* [WHAT IS EXPECTED]:
Copy exactly the lines from the line holding "婚攝小勇, 小寶團隊, 台北婚攝, 自助婚紗, 君品, 婚禮紀錄, vivian, wedding" through the end of the material, and no others; pictures stay out.

* [RAW DATA]:
* * * * * * *

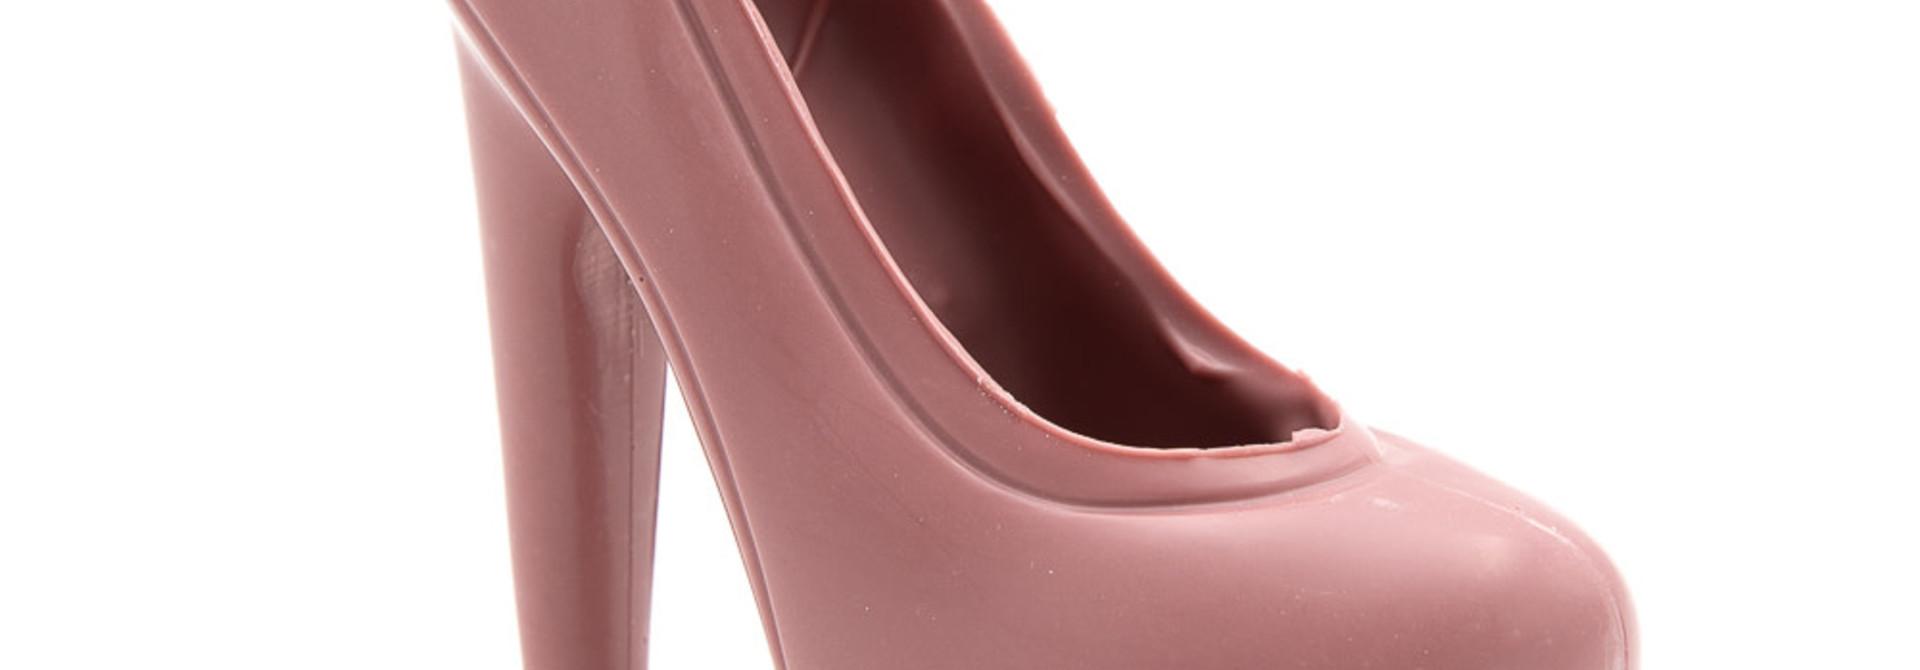 XL high heels ruby 180Grs
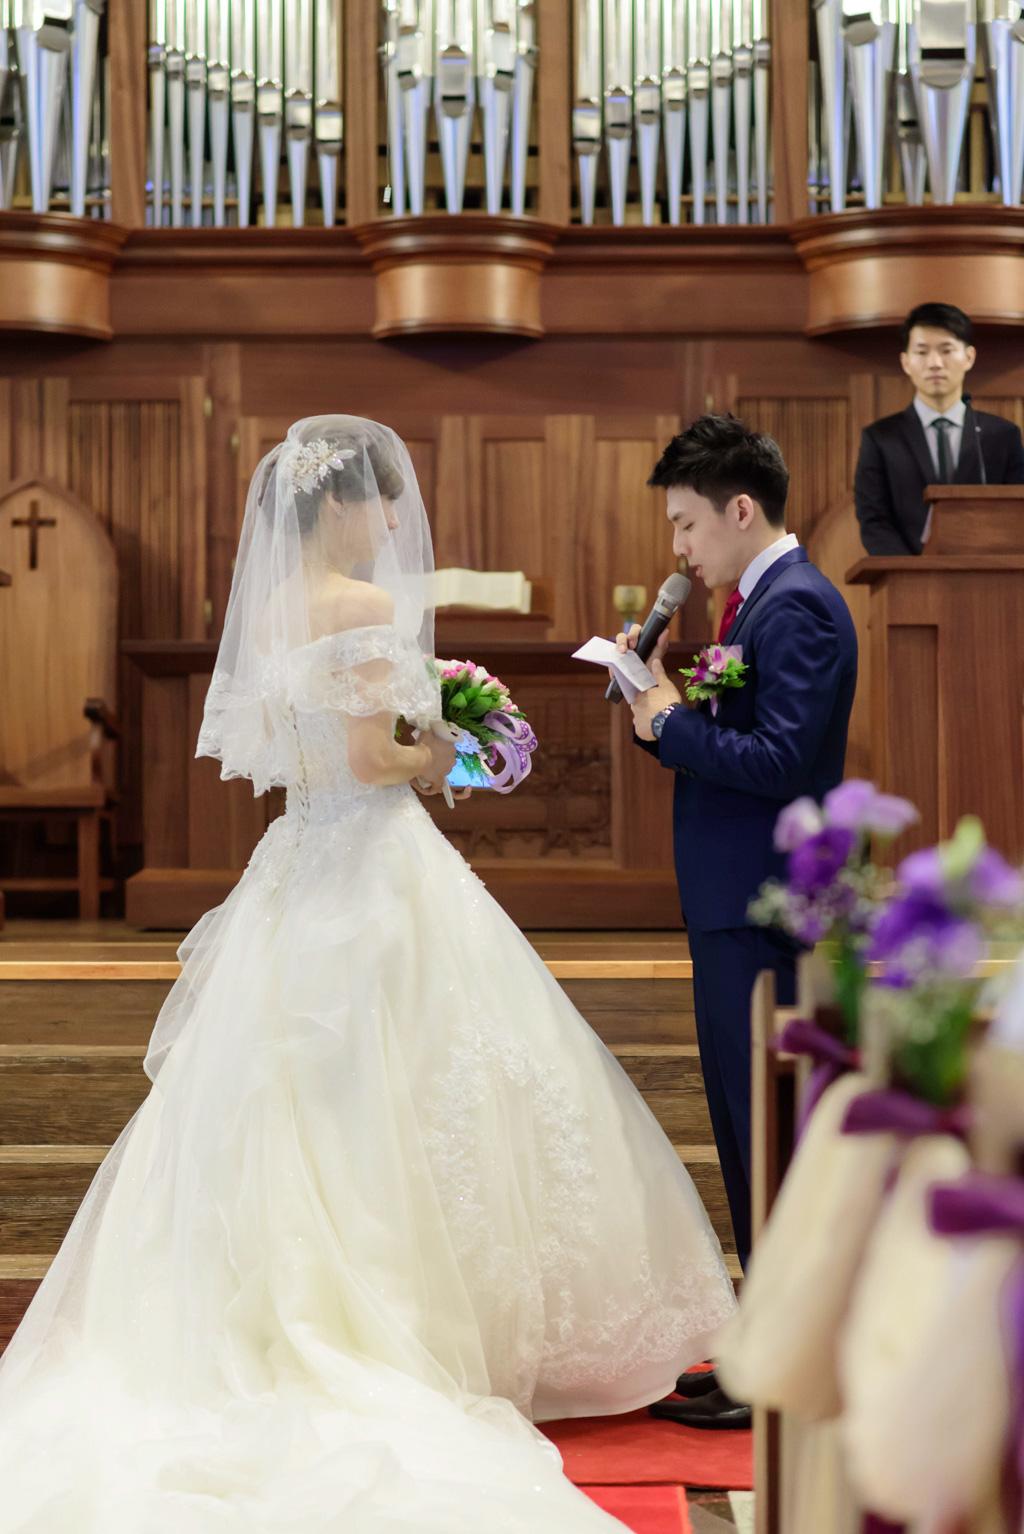 婚攝小勇, 小寶團隊, 台北婚攝, 自助婚紗, 君品, 婚禮紀錄, vivian, wedding day-044
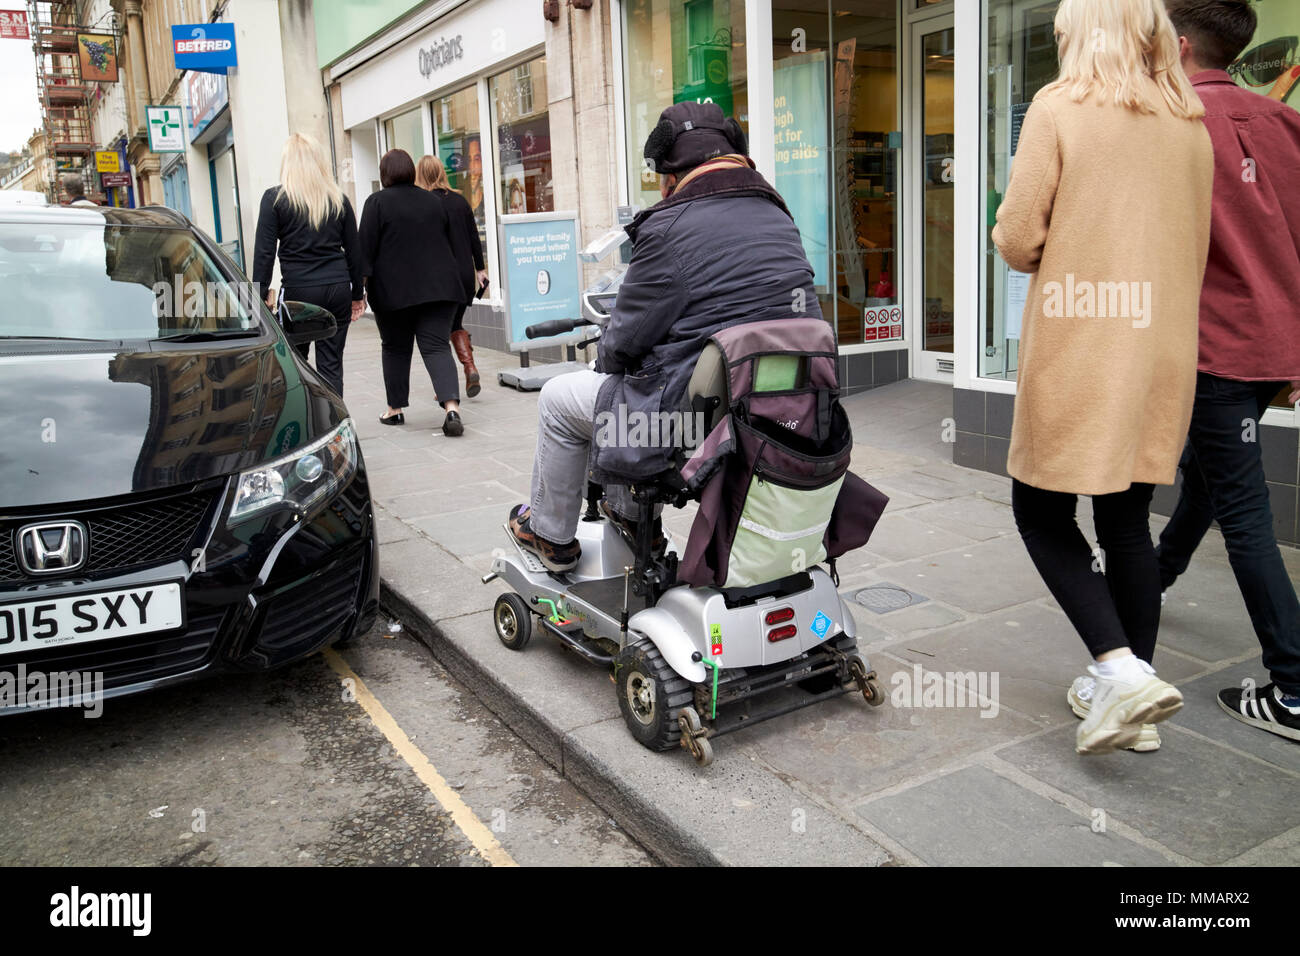 L'uomo corse handicap scooter sul marciapiede nel centro città di Bath England Regno Unito Immagini Stock
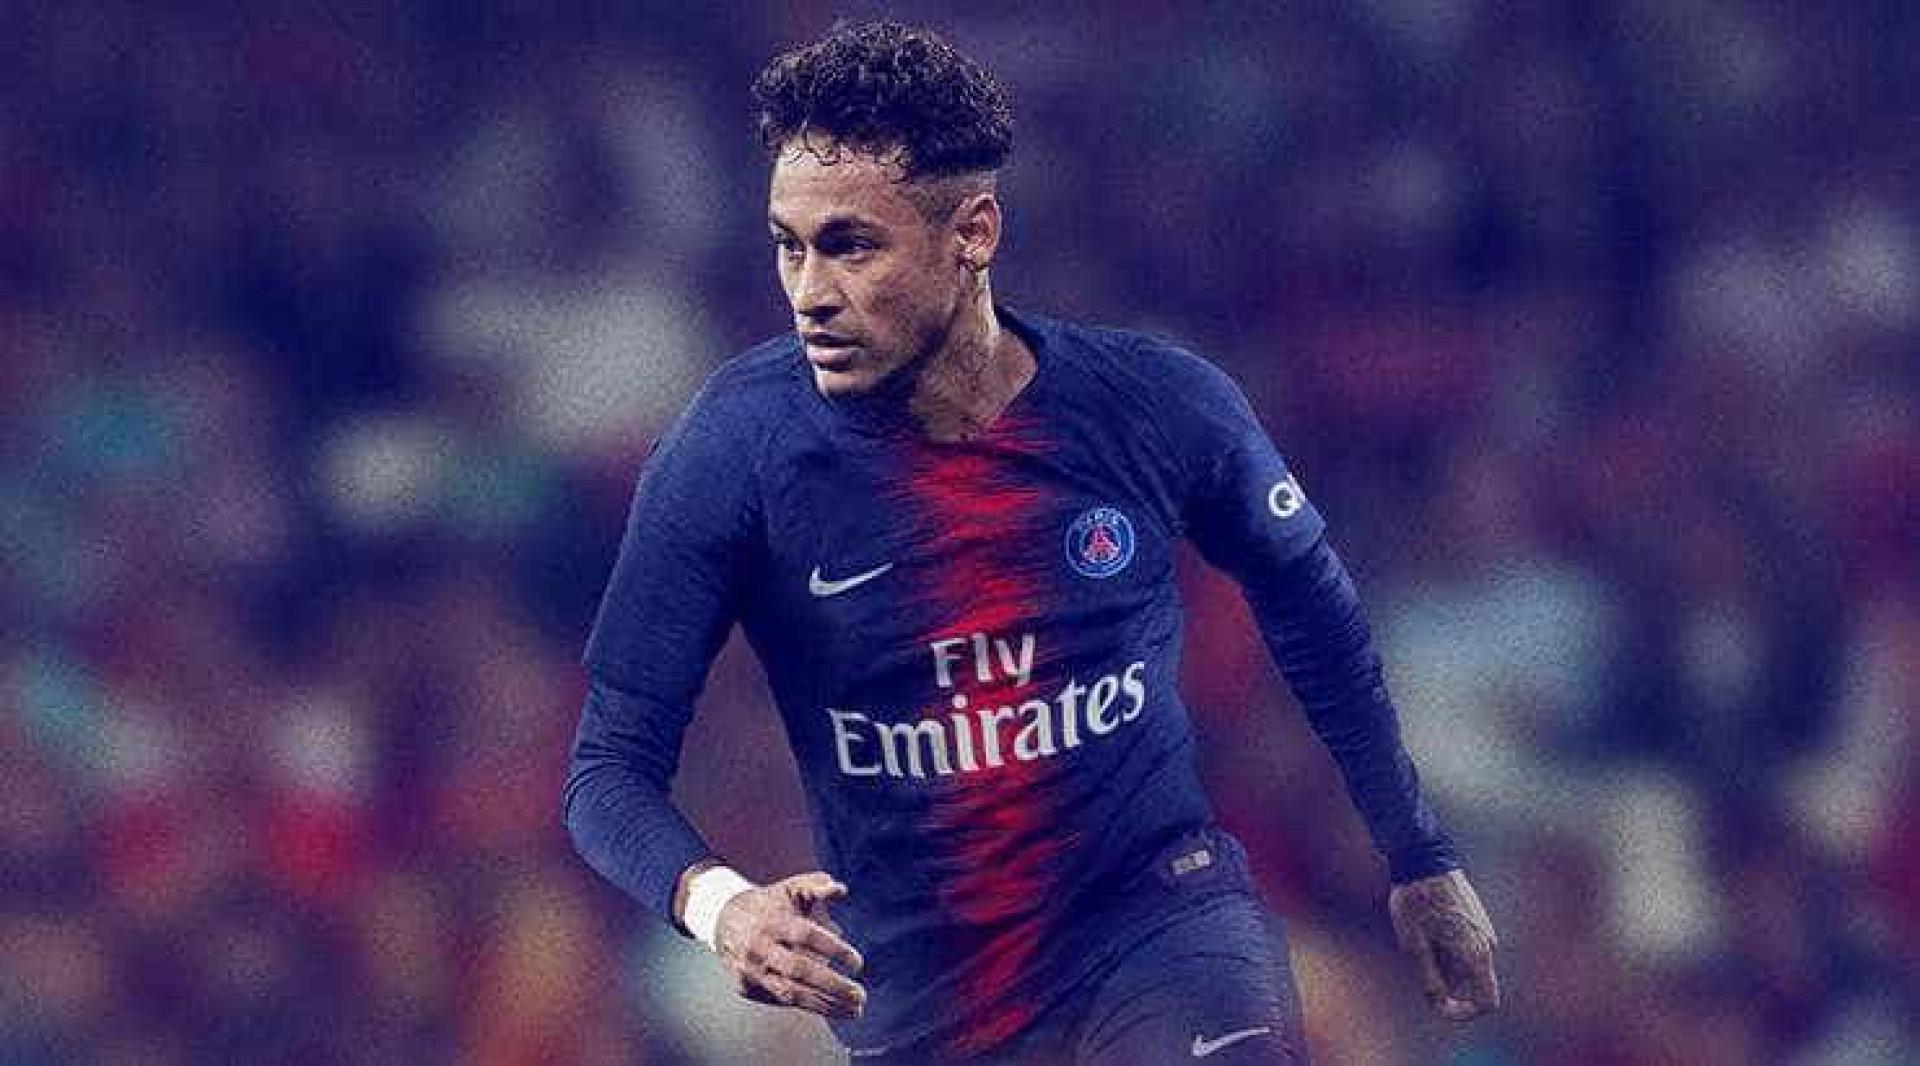 Site lista os piores uniformes de times europeus na temporada 2018/19

* * * * * * *

* [RESPONSE BELOW]:
 婚攝小勇, 小寶團隊, 台北婚攝, 自助婚紗, 君品, 婚禮紀錄, vivian, wedding day-044
 L'uomo corse handicap scooter sul marciapiede nel centro città di Bath England Regno Unito Immagini Stock
 Site lista os piores uniformes de times europeus na temporada 2018/19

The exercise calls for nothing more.